The road master (Latin: viarius; Italian: Maestro delle Strade) was a middle- to high-ranking urban official common across the central and northern regions of Italy between c. 1250-1550, that is the communal and despotic era. Often part of the podestà’s or capitano del popolo’s entourage, the road master worked in small teams of builders and administrators to maintain a city's network of roads and waterways, including nodal points such as gates, bridges, sluices and markets. In many towns and cities across the peninsula, road masters not only built and maintained such amenities, but they also monitored human and animal behavior that impacted their traversability, and fined pertinent offenders. For instance, they could punish artisans polluting a public street or neighborhood, enforcing a distinct form of urban zoning. Road masters also fought against domestic practices that were seen as causing harm to the population at large, including unlawful refuse disposal and neglecting to restrain pigs.

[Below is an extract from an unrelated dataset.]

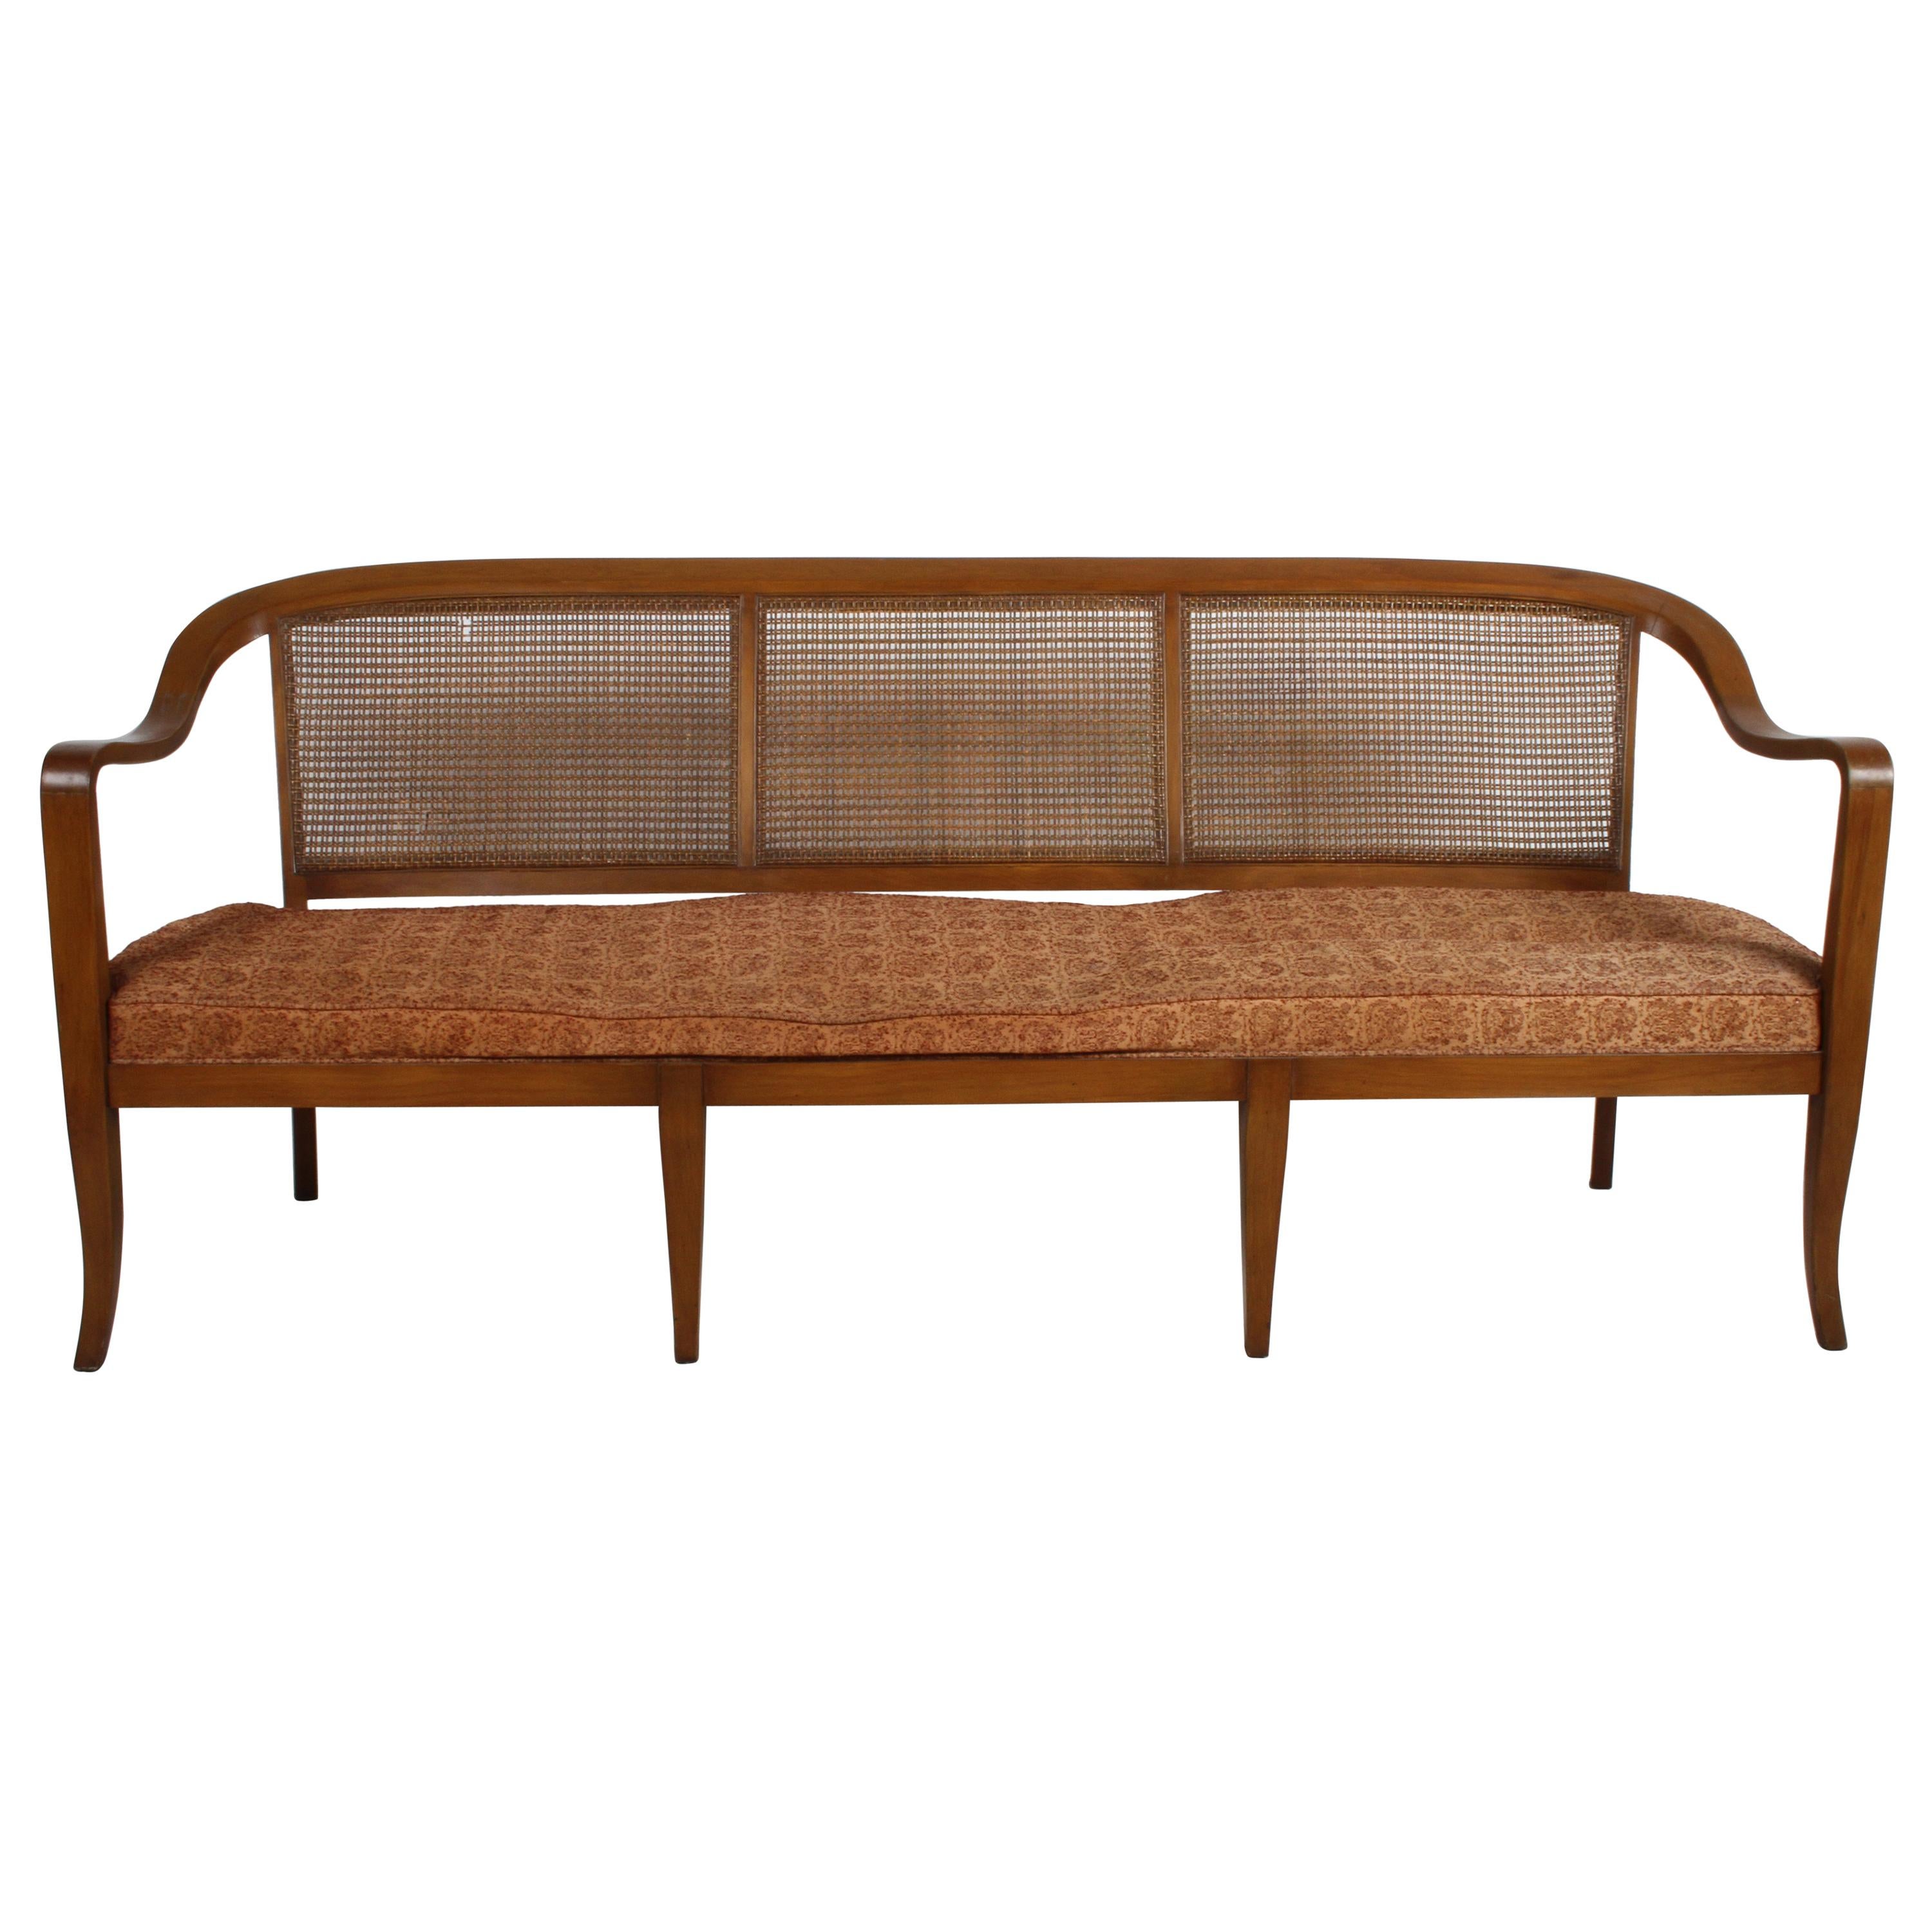 Edward Wormley for Dunbar Style Cane Bentwood Bench or Sofa
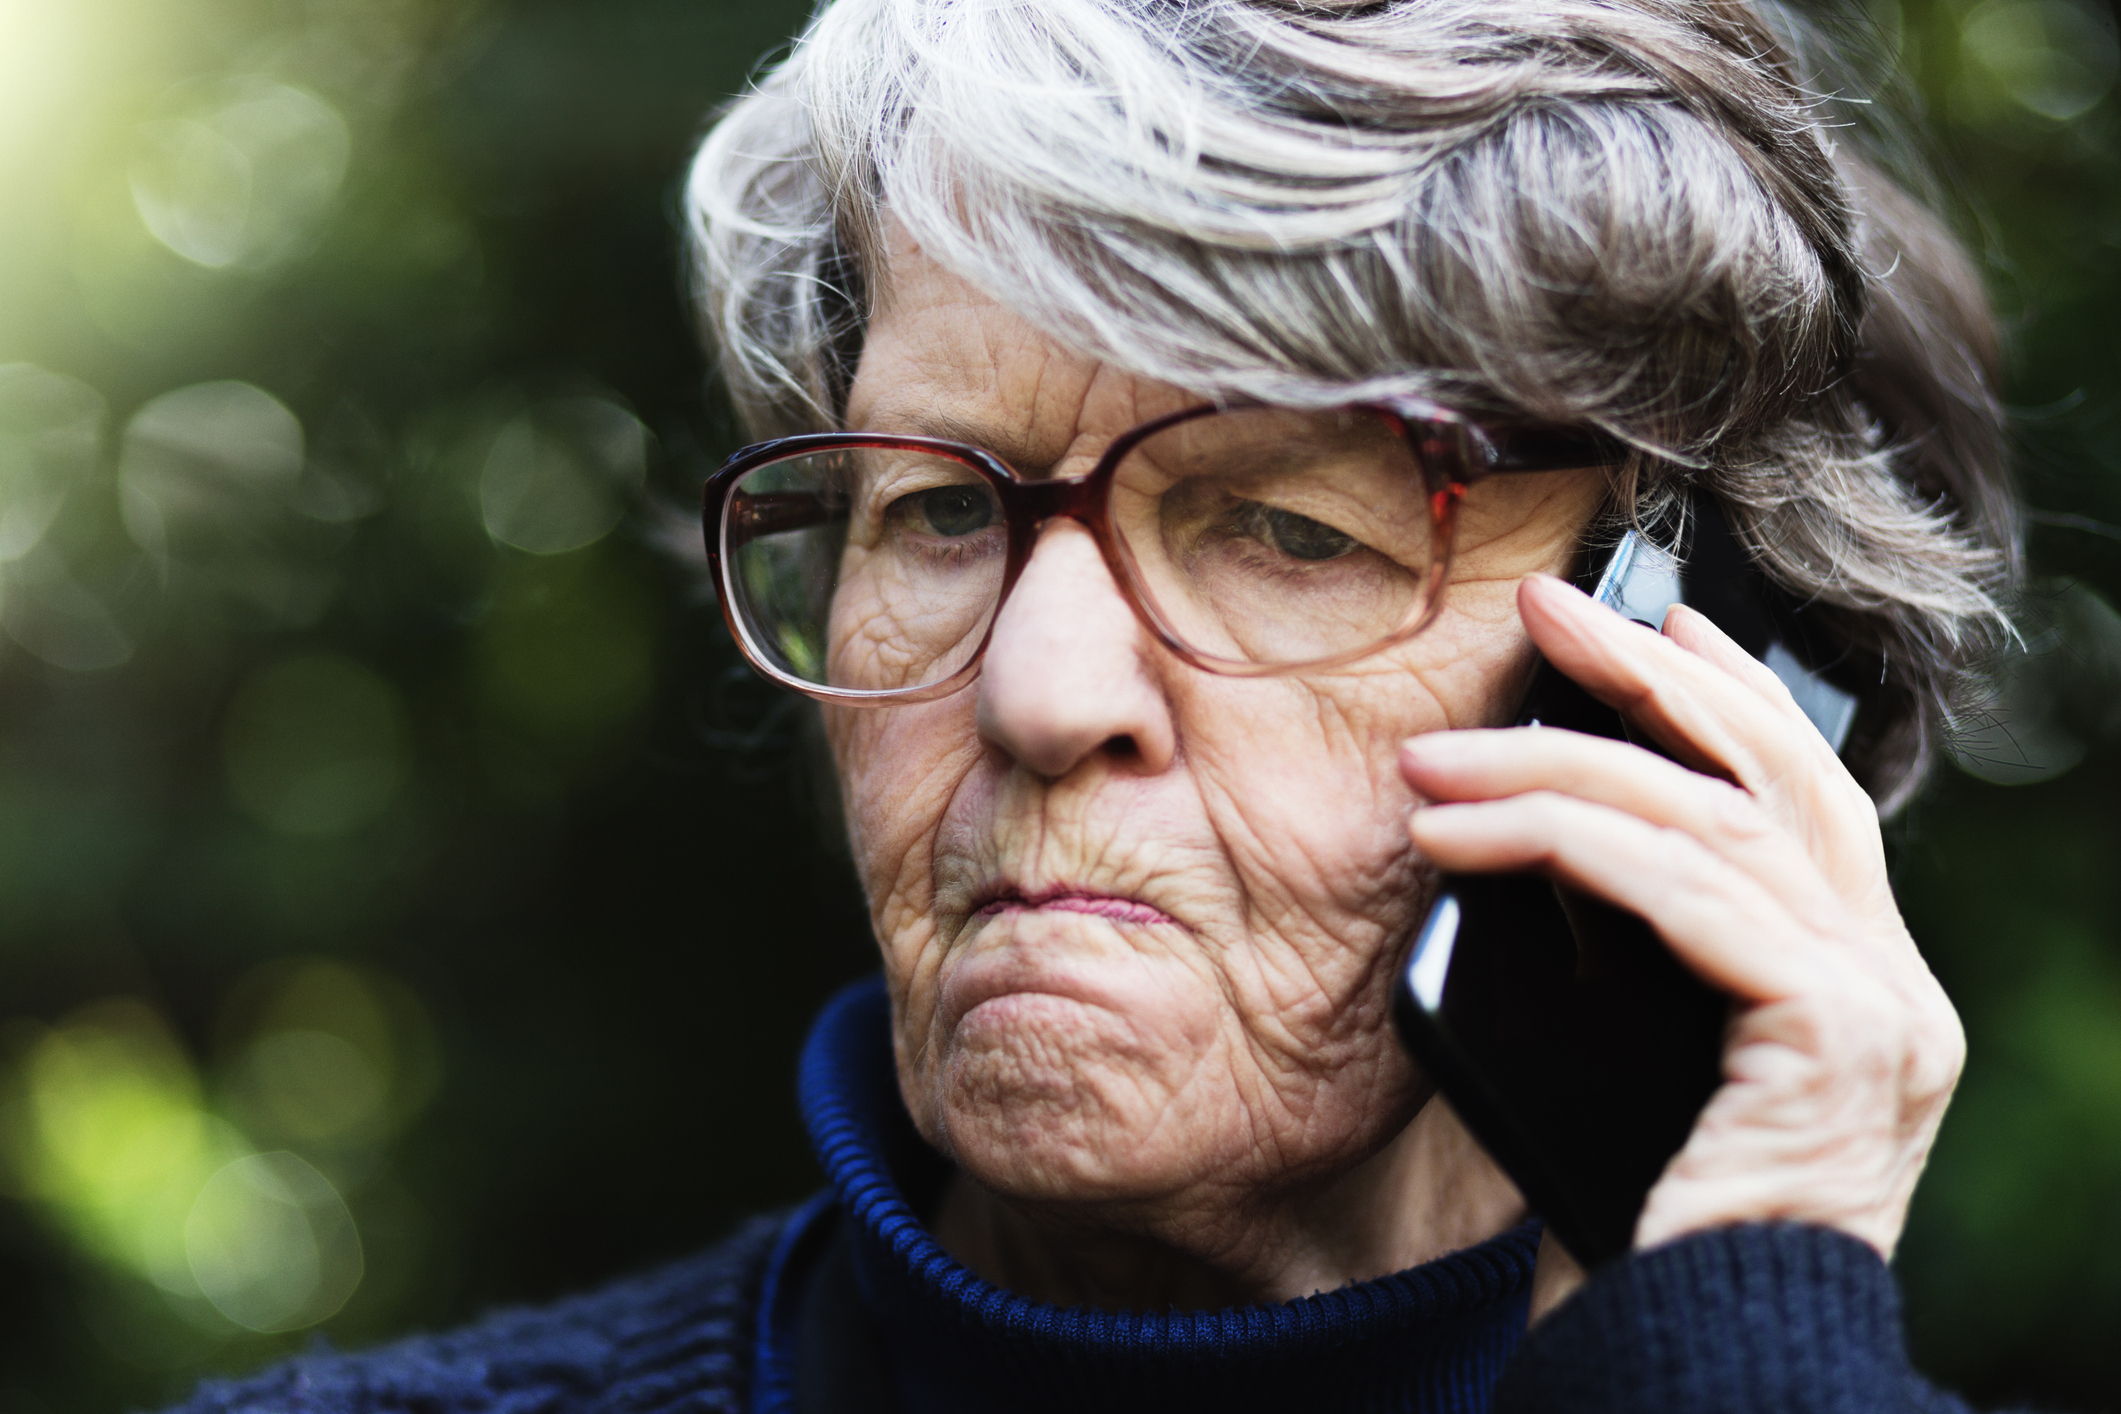 Elderly woman with glasses looks concerned while talking on a cell phone outdoors

Roads officials were also active in ensuring urban markets ran smoothly. Beyond the upkeep of roads and canals allowing produce to reach and leave markets, these officials often examined the accuracy of weights and measures used by retailers. They also pursued people who tried to sell produce outside the allowed time and place or wares of inferior quality, such as rotten meat or fish. In doing so, they resembled the Islamicate market inspector or muhtasib. Lastly, roads officials also policed inns and taverns, places where food and drink were sold, to ensure these were of good quality and served in the correct amounts and for the right price. The presence in taverns of alcohol and abundance of foreigners, including sex workers, sometimes meant that roads masters also operated as a moral police force, fighting gambling, rowdiness and sexual promiscuity.

In doing all this, road masters participated in earlier cities’ preventative and harm-reductive programs, designed to promote public health and fight disease at the population level. They had rural parallels in the office of the field warden.

Road masters and their teams are especially well documented for Bologna, where they were known as the Dirt masters (Ufficiali del fango); Lucca; and Rome.